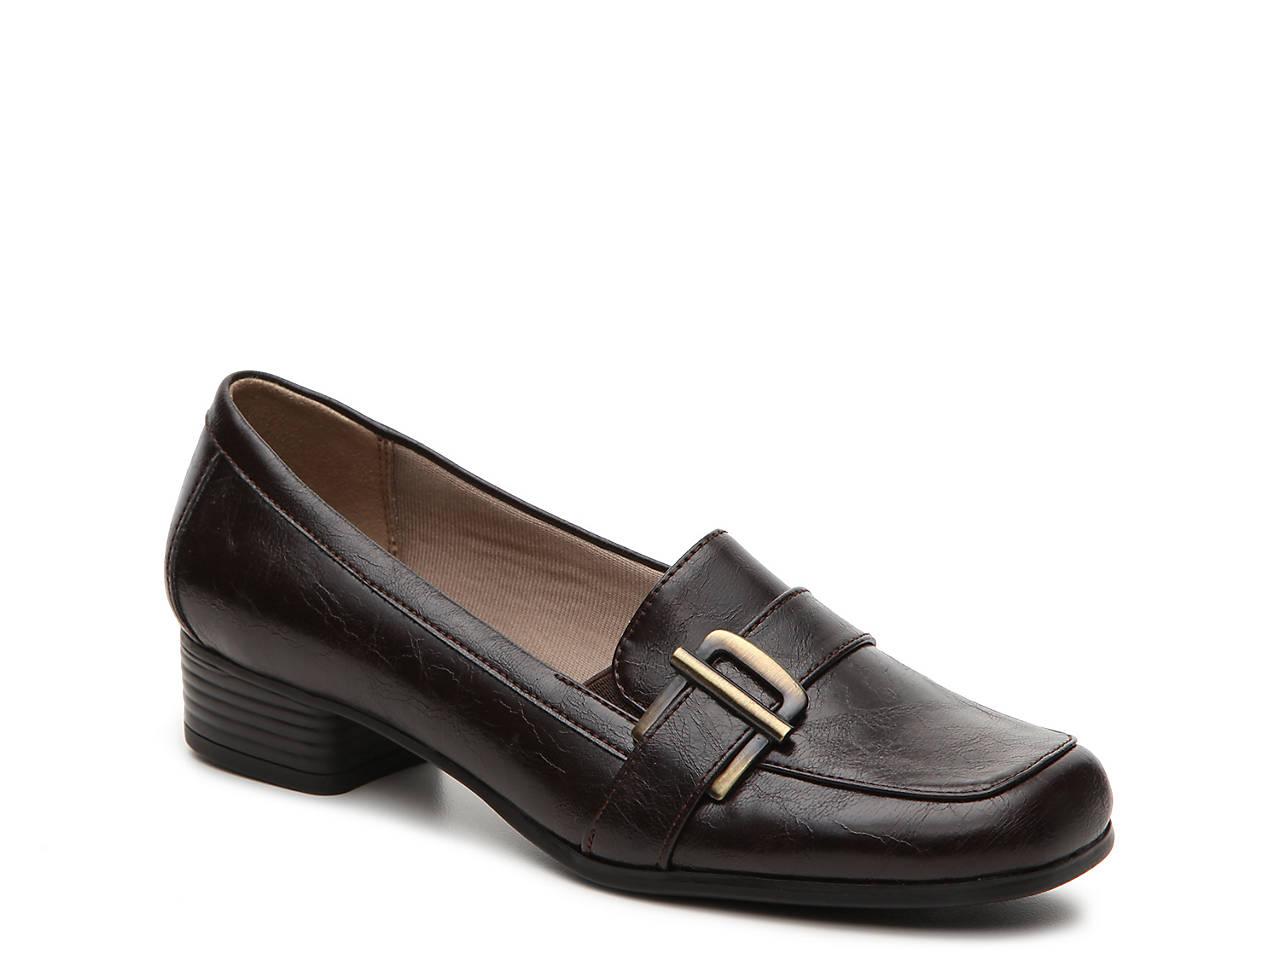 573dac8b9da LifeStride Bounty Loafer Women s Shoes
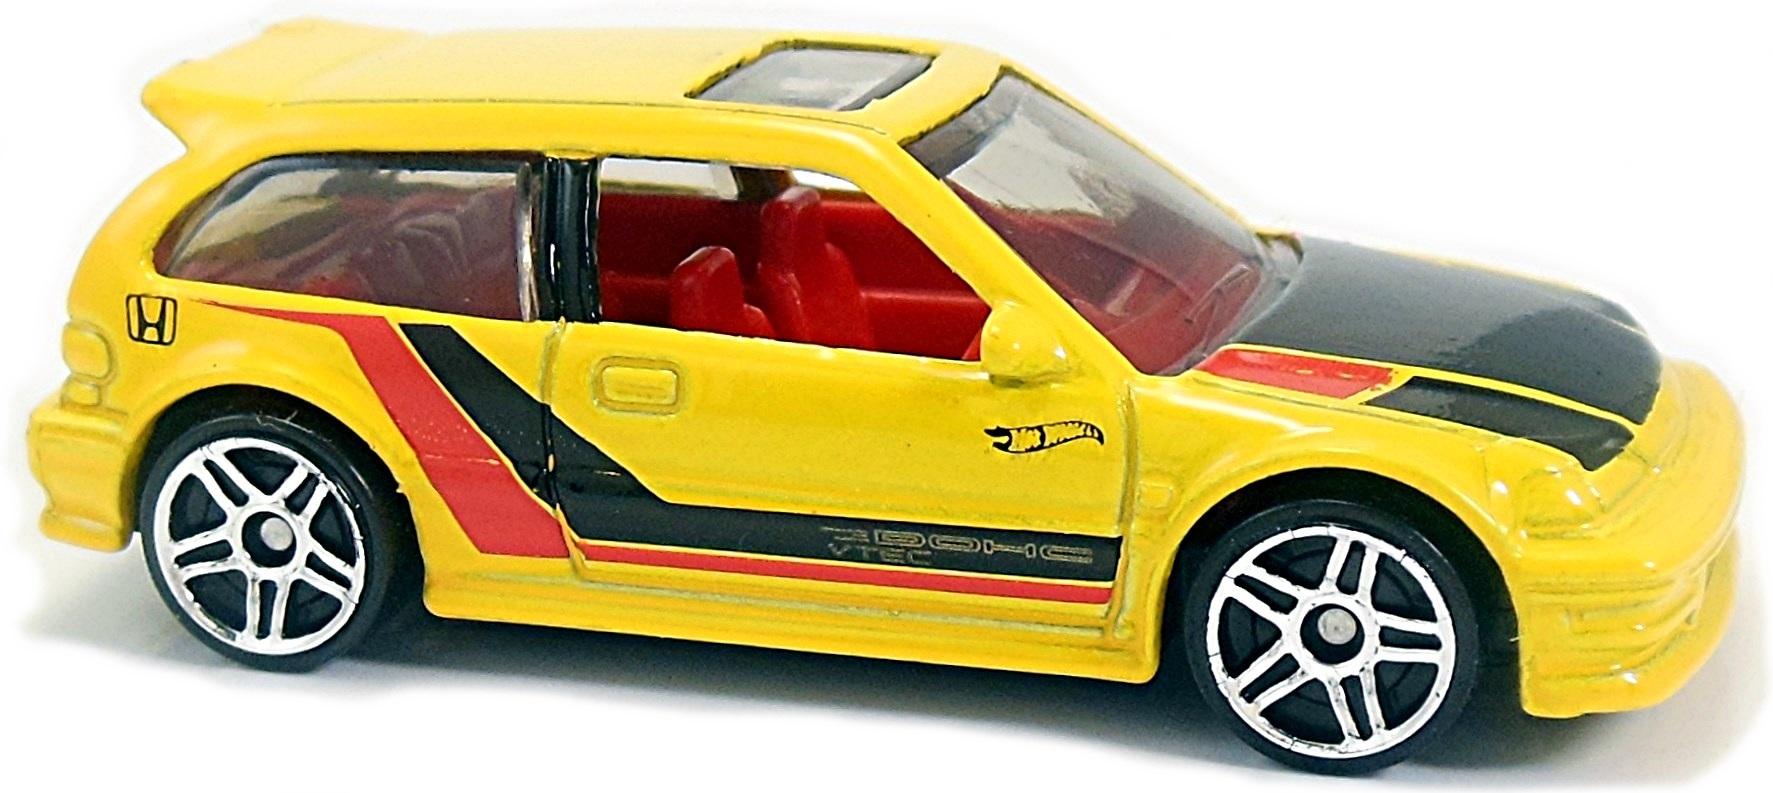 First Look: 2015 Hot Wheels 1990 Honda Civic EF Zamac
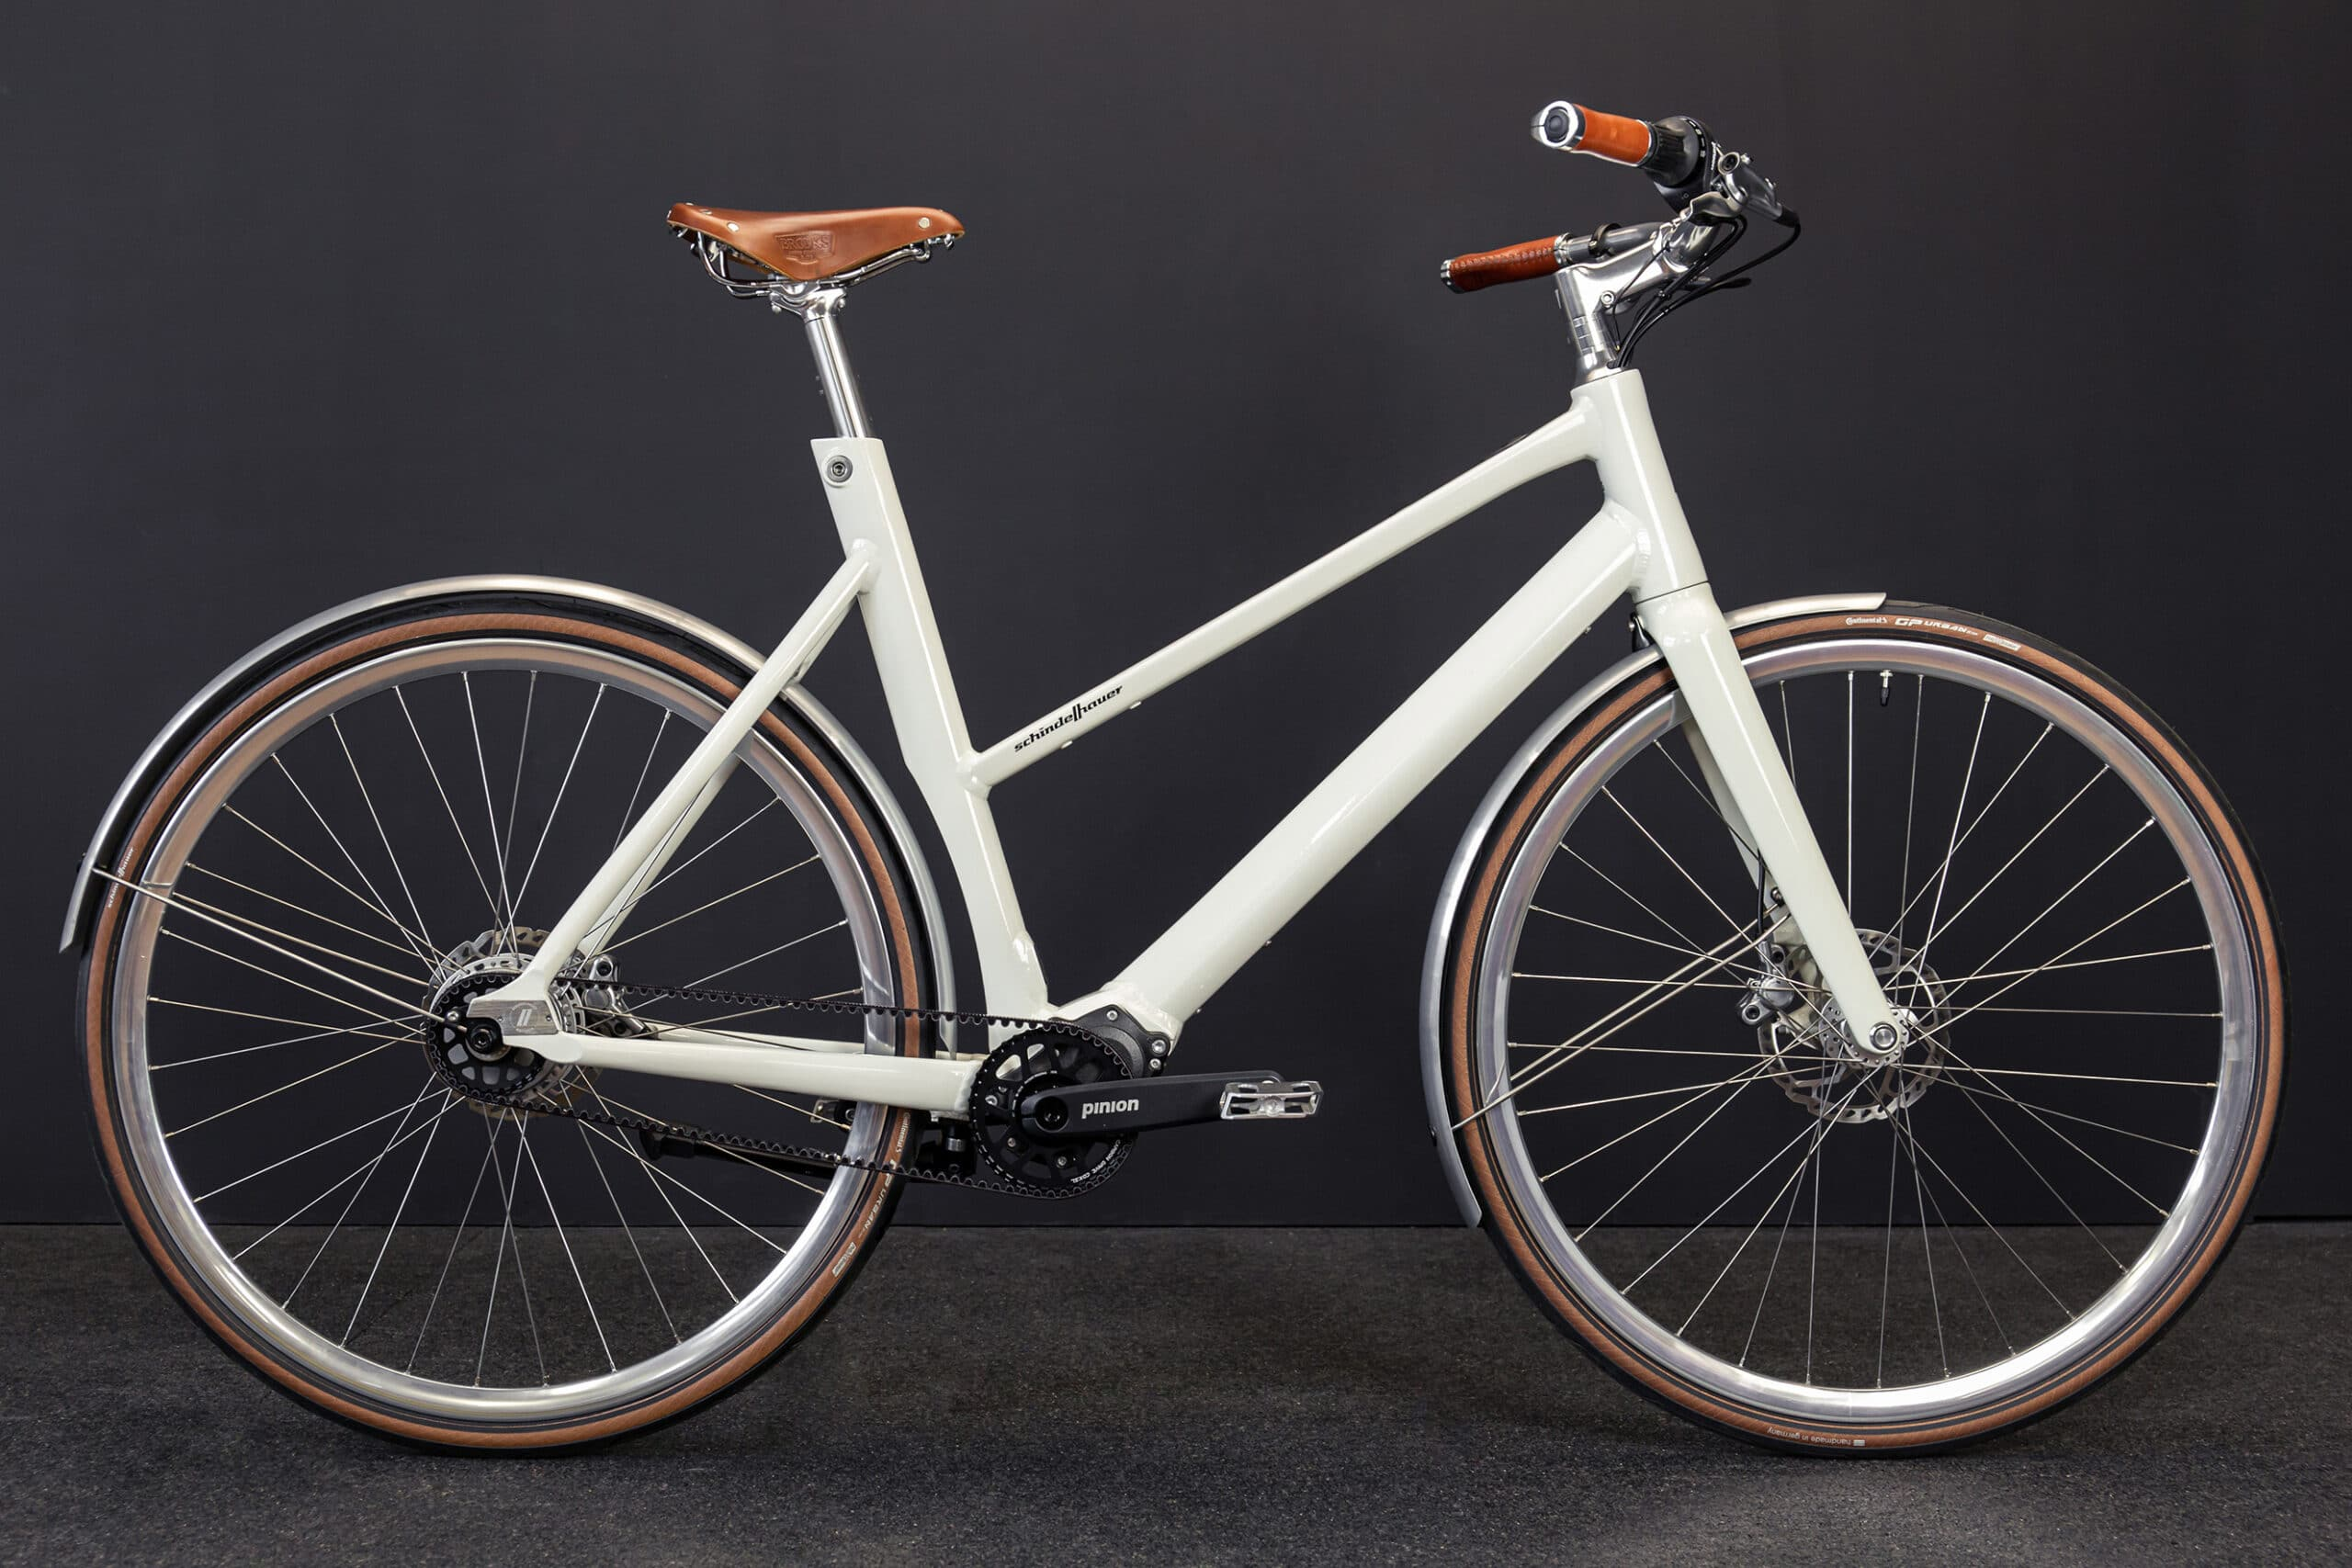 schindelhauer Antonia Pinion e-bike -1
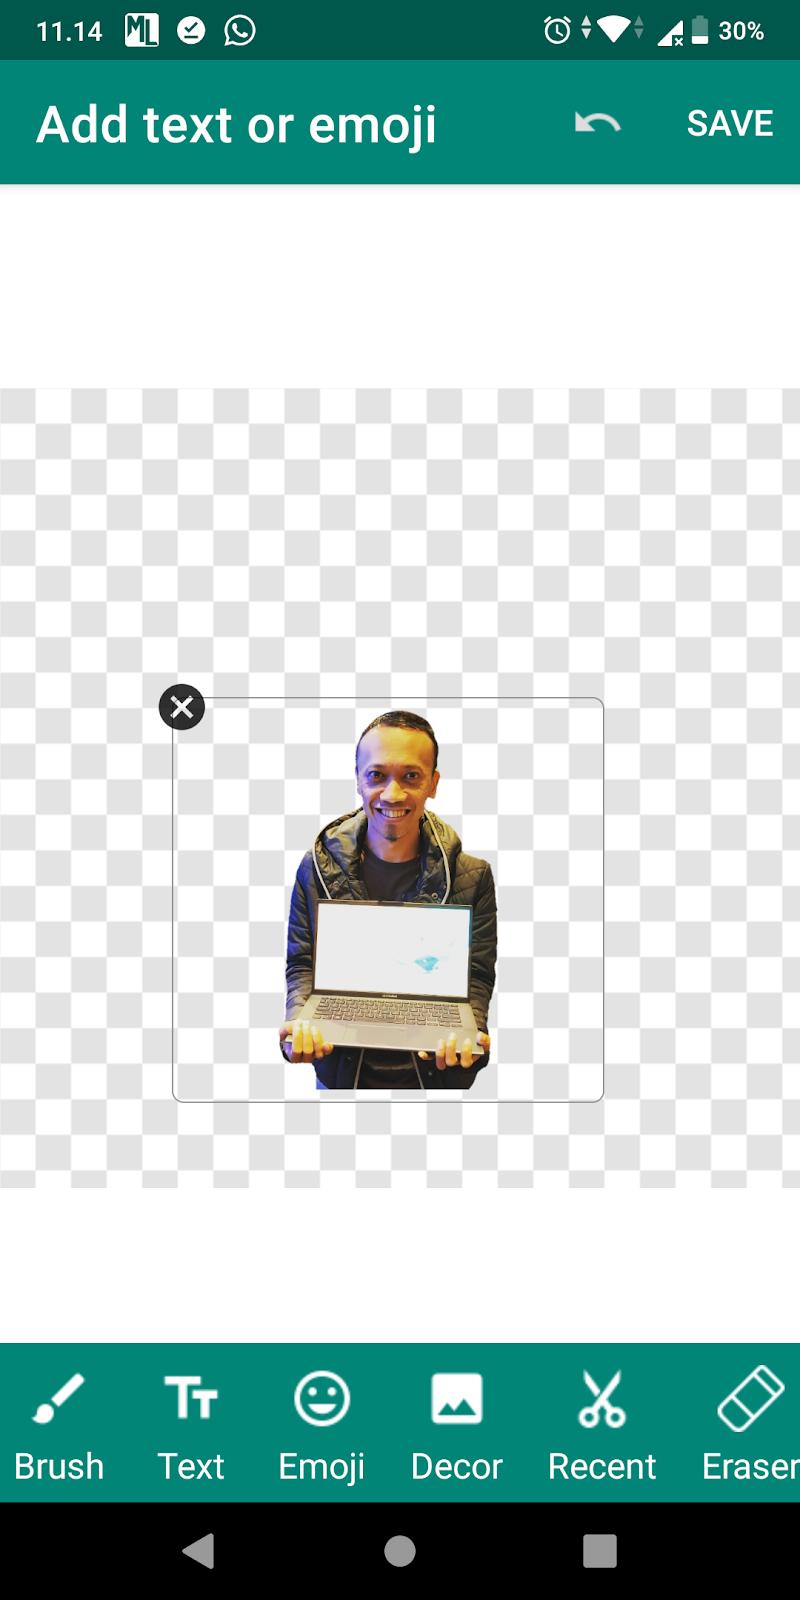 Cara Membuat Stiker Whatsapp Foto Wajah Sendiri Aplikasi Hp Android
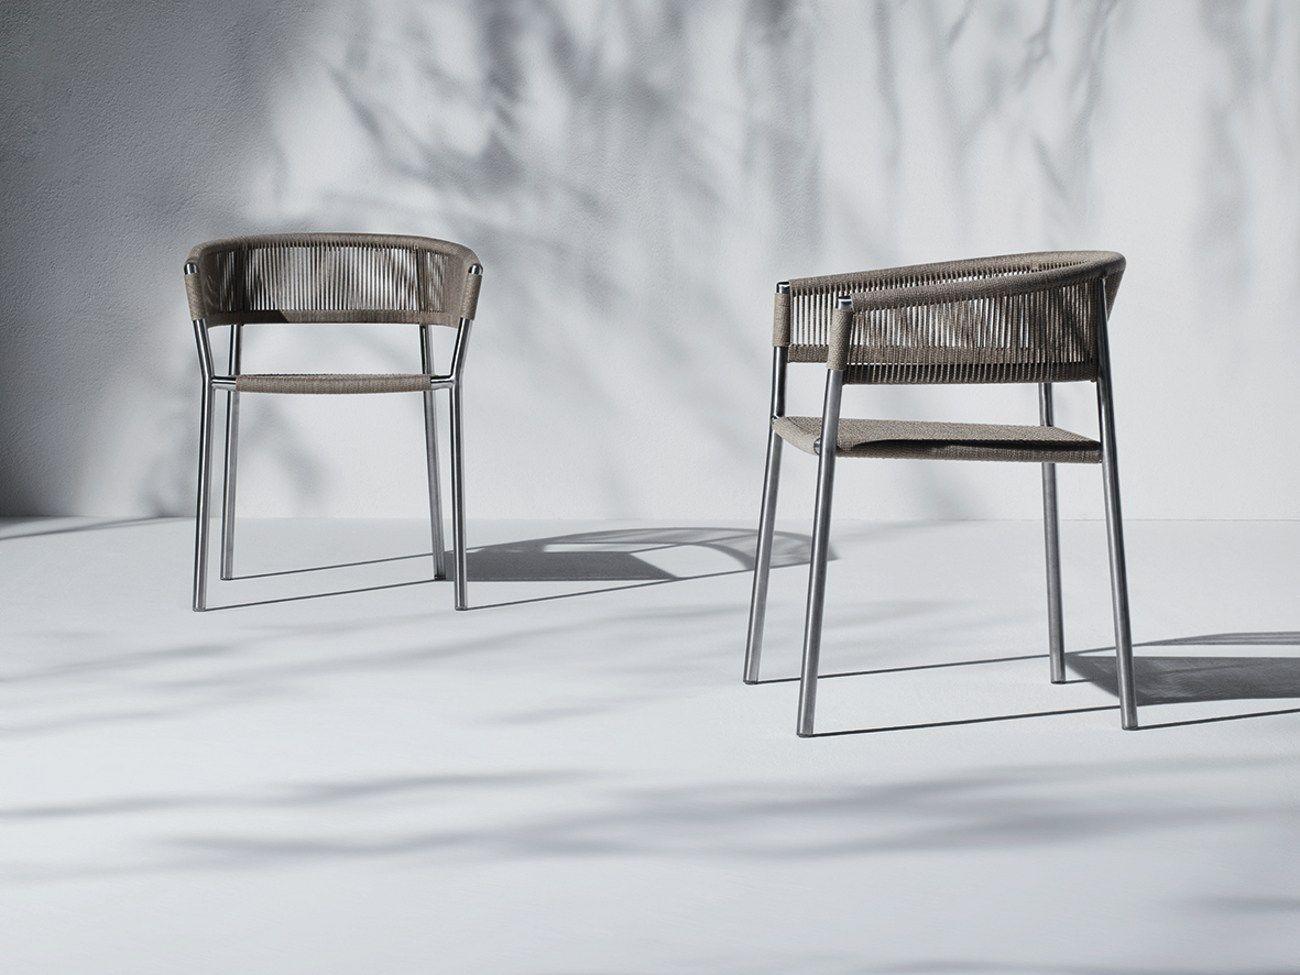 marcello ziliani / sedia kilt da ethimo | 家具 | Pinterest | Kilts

———

**TASK TO CARRY OUT**
Return exactly the lines from the line with "First Look: 2015" through the last line of the data above, both included; pictures do not go in the answer.

**COMPLETED EXERCISE**
 First Look: 2015 Hot Wheels 1990 Honda Civic EF Zamac
 schindelhauer Antonia Pinion e-bike -1
 Cara Membuat Stiker Whatsapp Foto Wajah Sendiri Aplikasi Hp Android
 marcello ziliani / sedia kilt da ethimo | 家具 | Pinterest | Kilts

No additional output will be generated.